At 30 feet, there had been just a couple of accessible branches. Allen removed every one of those low-level options, and each one became stuck in the tops of other trees on the way down. Now she searched for a way to get up to the tree’s next level – and more branches. Surrounded by forest canopy, Allen climbed out of sight.

As she struggled, her buddy, who asked that his name be withheld so he could stay “off the grid,” told stories of how in summer time, the pair travels to the Yukon to gather morel mushrooms. Once they’ve sold enough mushrooms to support themselves for the remainder of the year, they return to Costa Rica or travel, always in search of the next tree or rock. As he spoke, a thick branch came crashing down through the canopy.

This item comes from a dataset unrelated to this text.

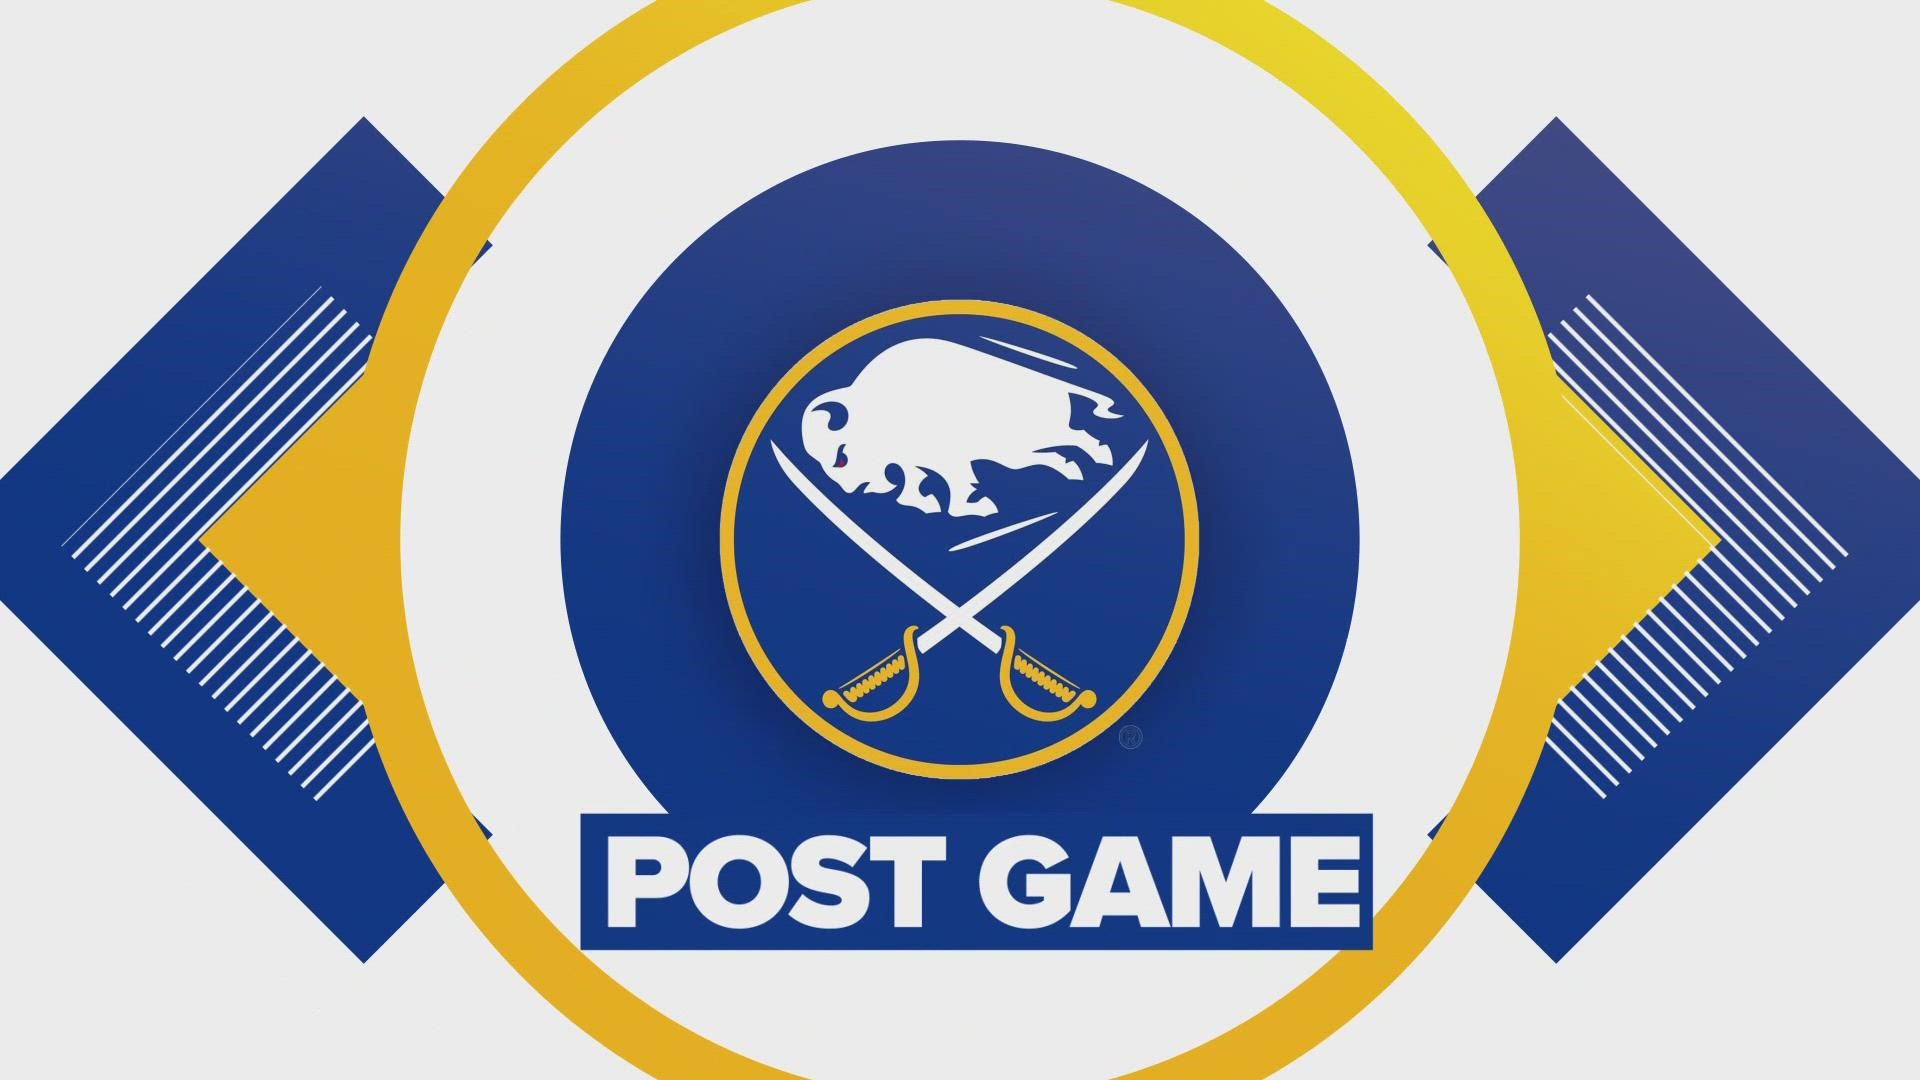 Jeff Carter scored a power-play goal 1:36 into overtime and the Pittsburgh Penguins took advantage of a match penalty to Buffalo’s Jeff Skinner to beat the Sabres.

The biologist Schiller hustled to retrieve it, nearly losing her footing on the moist, slanted terrain. She studied the leaf for a sign of something familiar and shook her head. “There are so many I can’t name,” she said. This sample and many others would have to be sent to the herbarium in San José for a more formal analysis.

Up in the canopy, Allen was attempting to grab more branches from other nearby, trees, which the team realized could make the process much faster. But this time, in yet another fail, the closest trees had already been pruned for samples, and the rest were out of reach.

Undeterred, Allen began lowering herself down, glancing around for which enormous tree might be next.